- _Collected data_
******

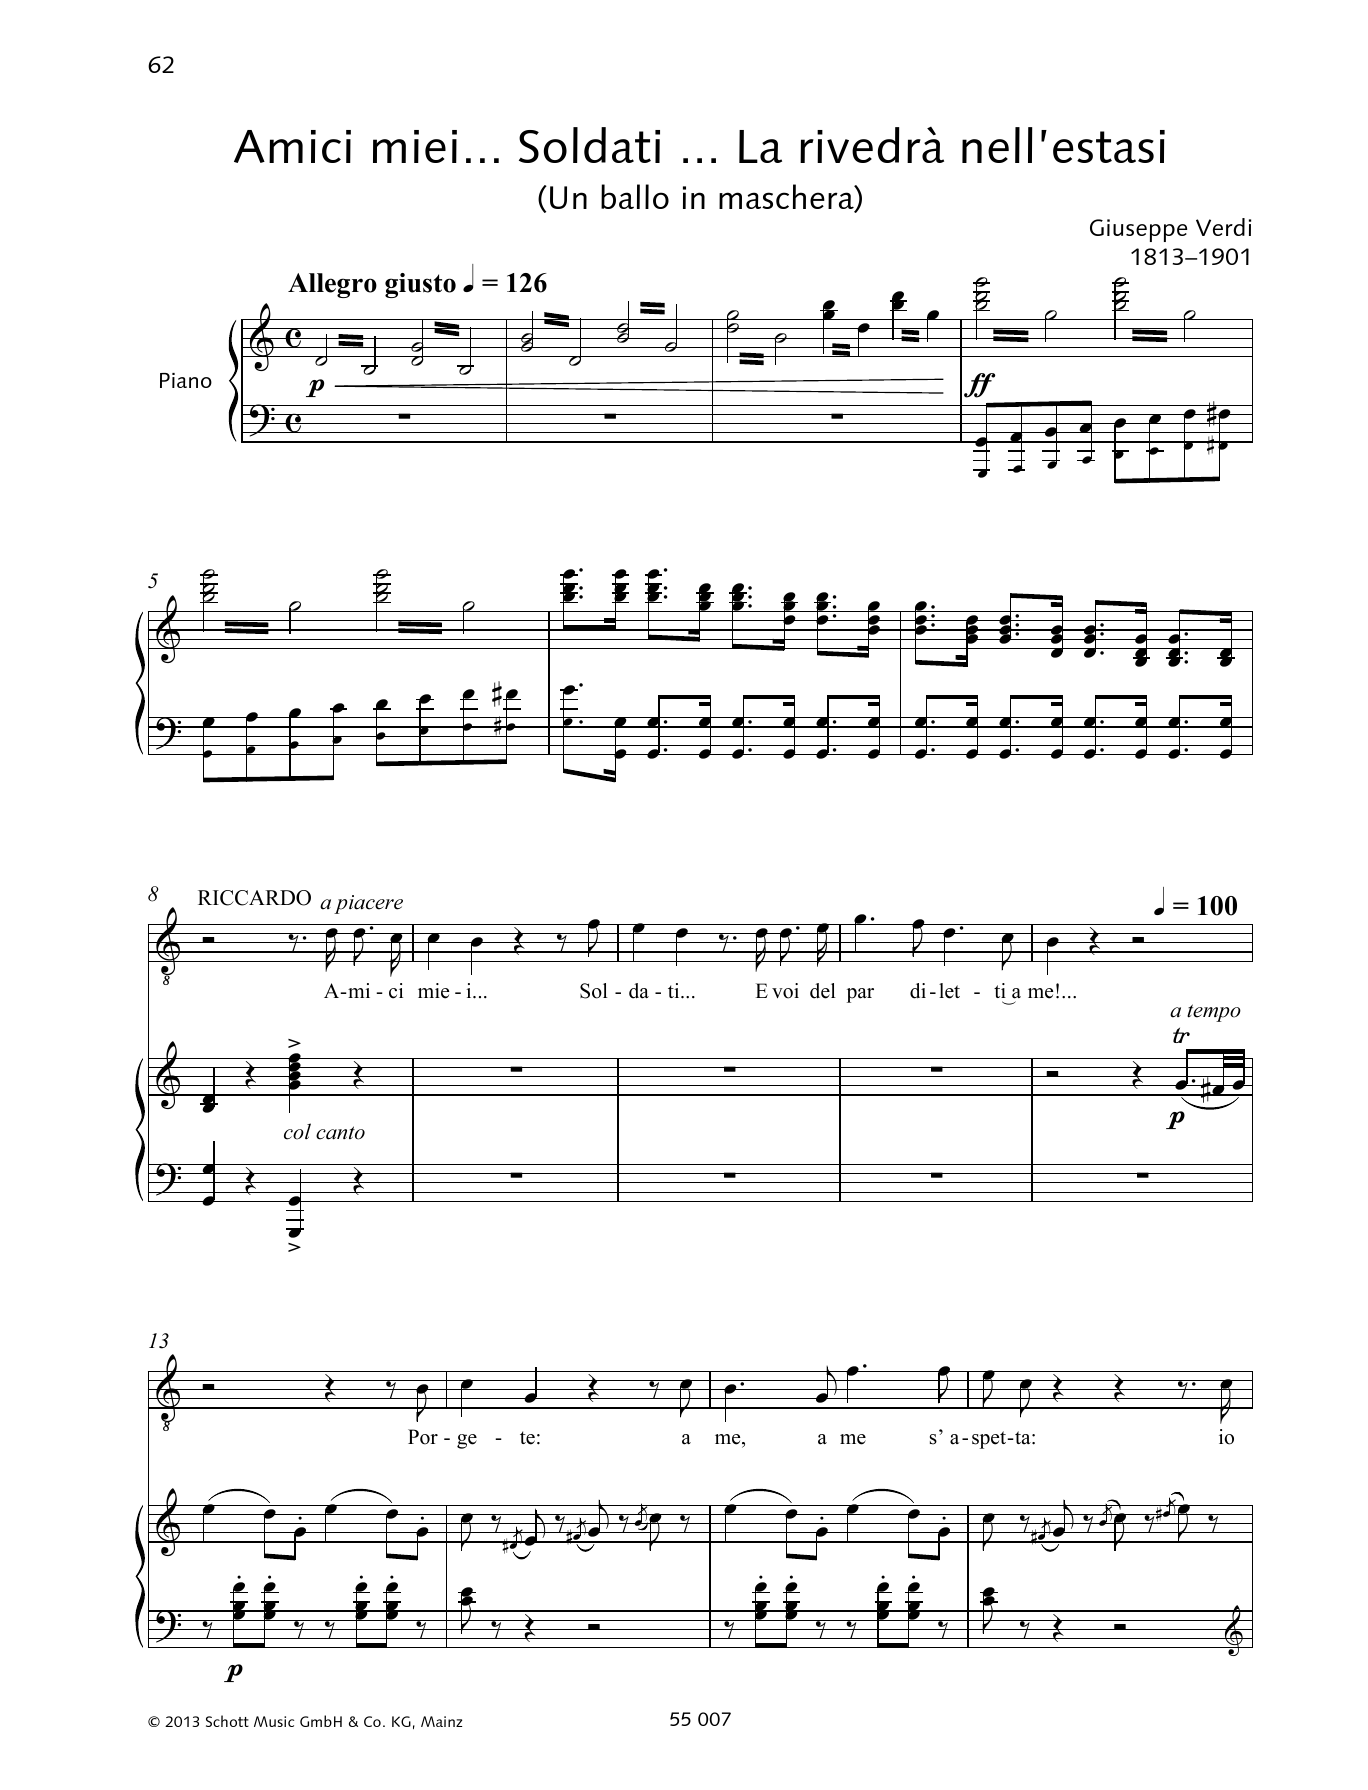 Giuseppe Verdi Amici miei ... Soldati ... La rivedra nell'estasi sheet music notes and chords arranged for Piano & Vocal
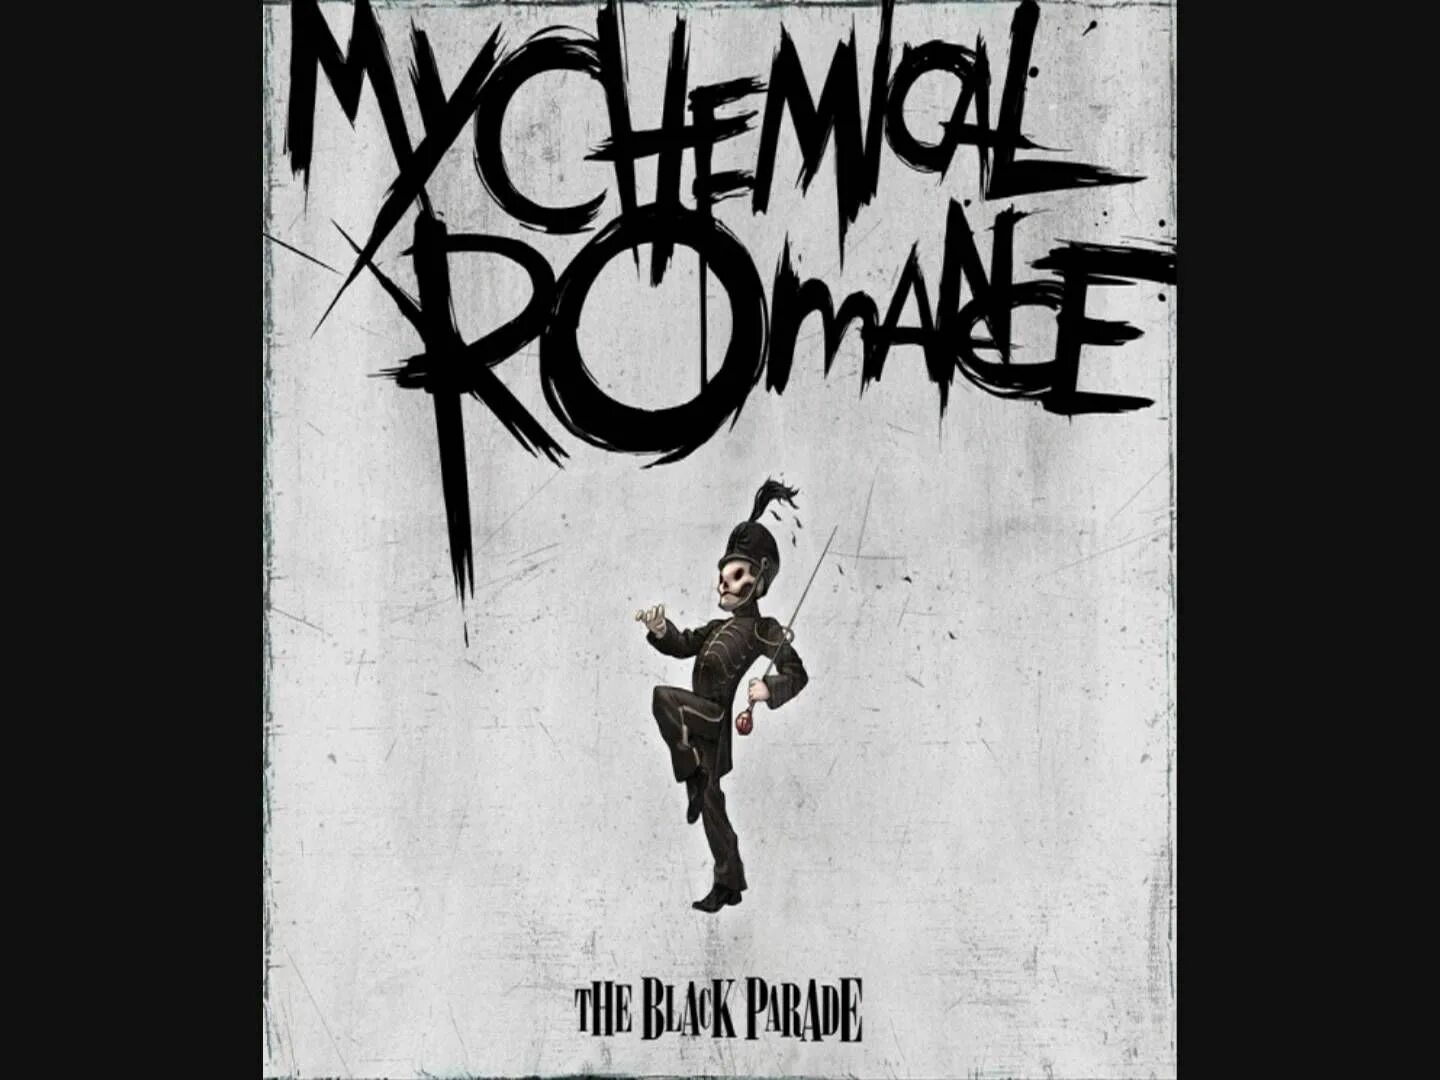 My Chemical Romance Black Parade альбом. My Chemical Romance обложка. My Chemical Romance альбомы. Май Кемикал романс обложка альбома. Welcome to the black parade my chemical
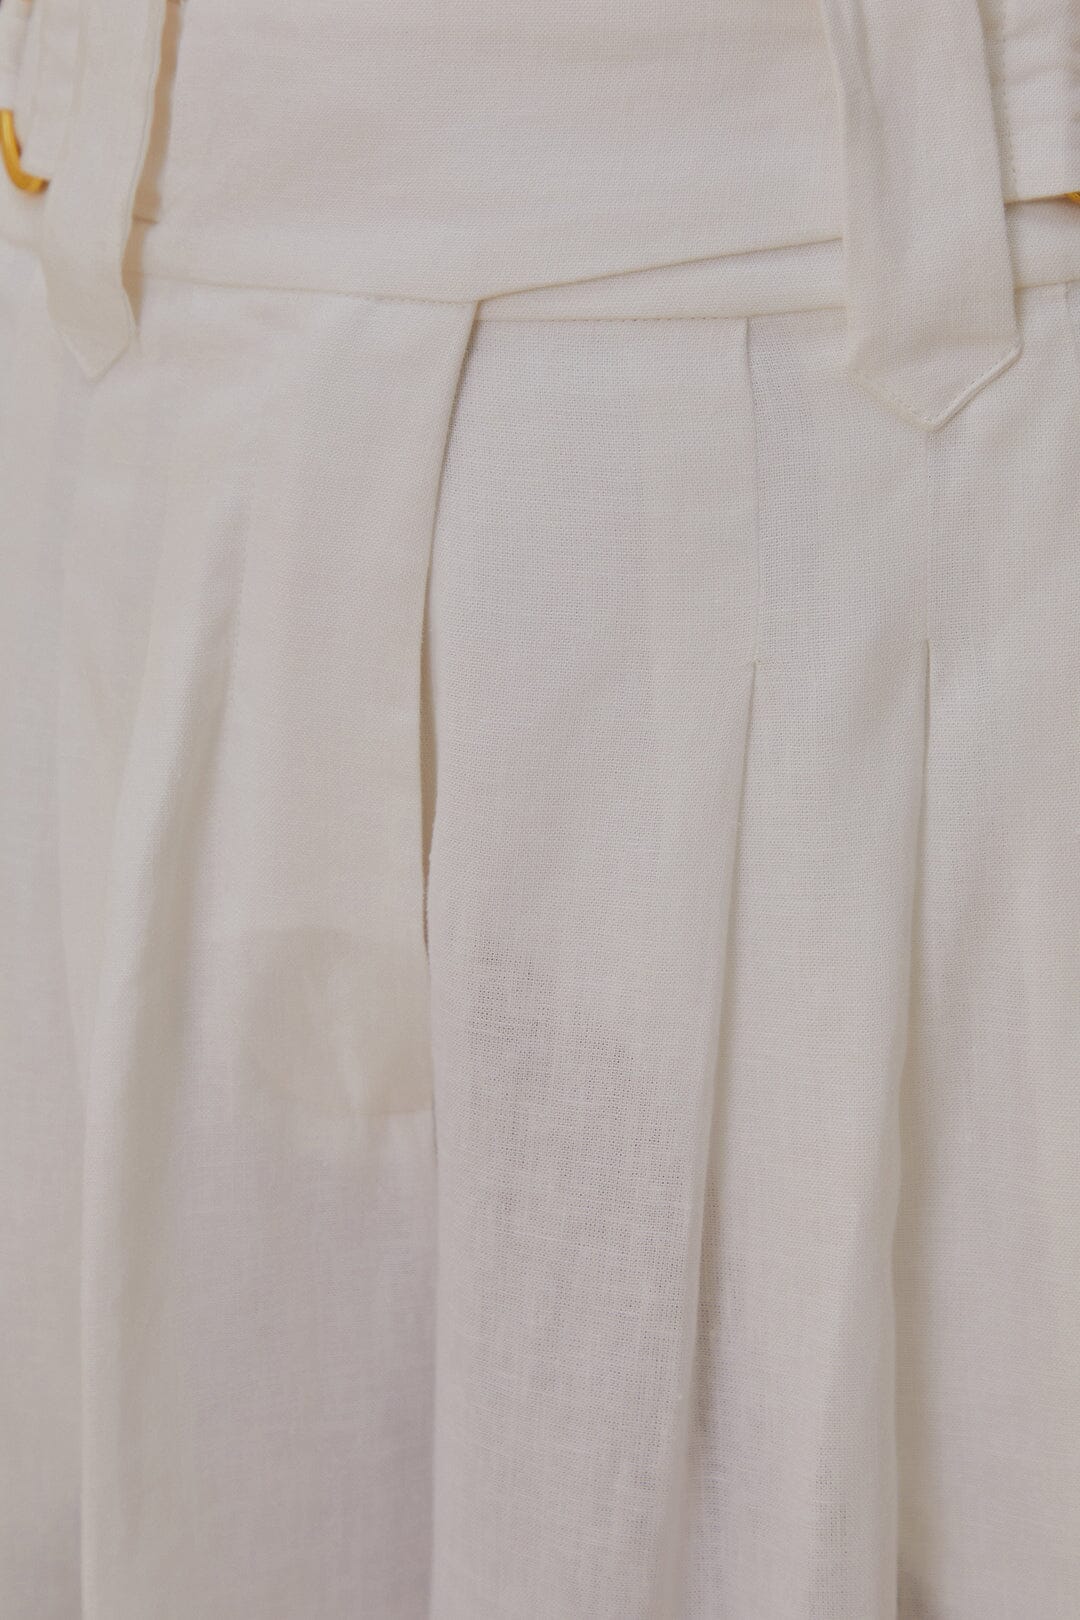 Off-White Linen Low Waist Pants

******

- _What needs to be done_
Print the complete listing exactly, apart from any pictures.

- _Task output_
 Giuseppe Verdi Amici miei ... Soldati ... La rivedra nell'estasi sheet music notes and chords arranged for Piano & Vocal
 My Chemical Romance Black Parade альбом. My Chemical Romance обложка. My Chemical Romance альбомы. Май Кемикал романс обложка альбома. Welcome to the black parade my chemical
 Off-White Linen Low Waist Pants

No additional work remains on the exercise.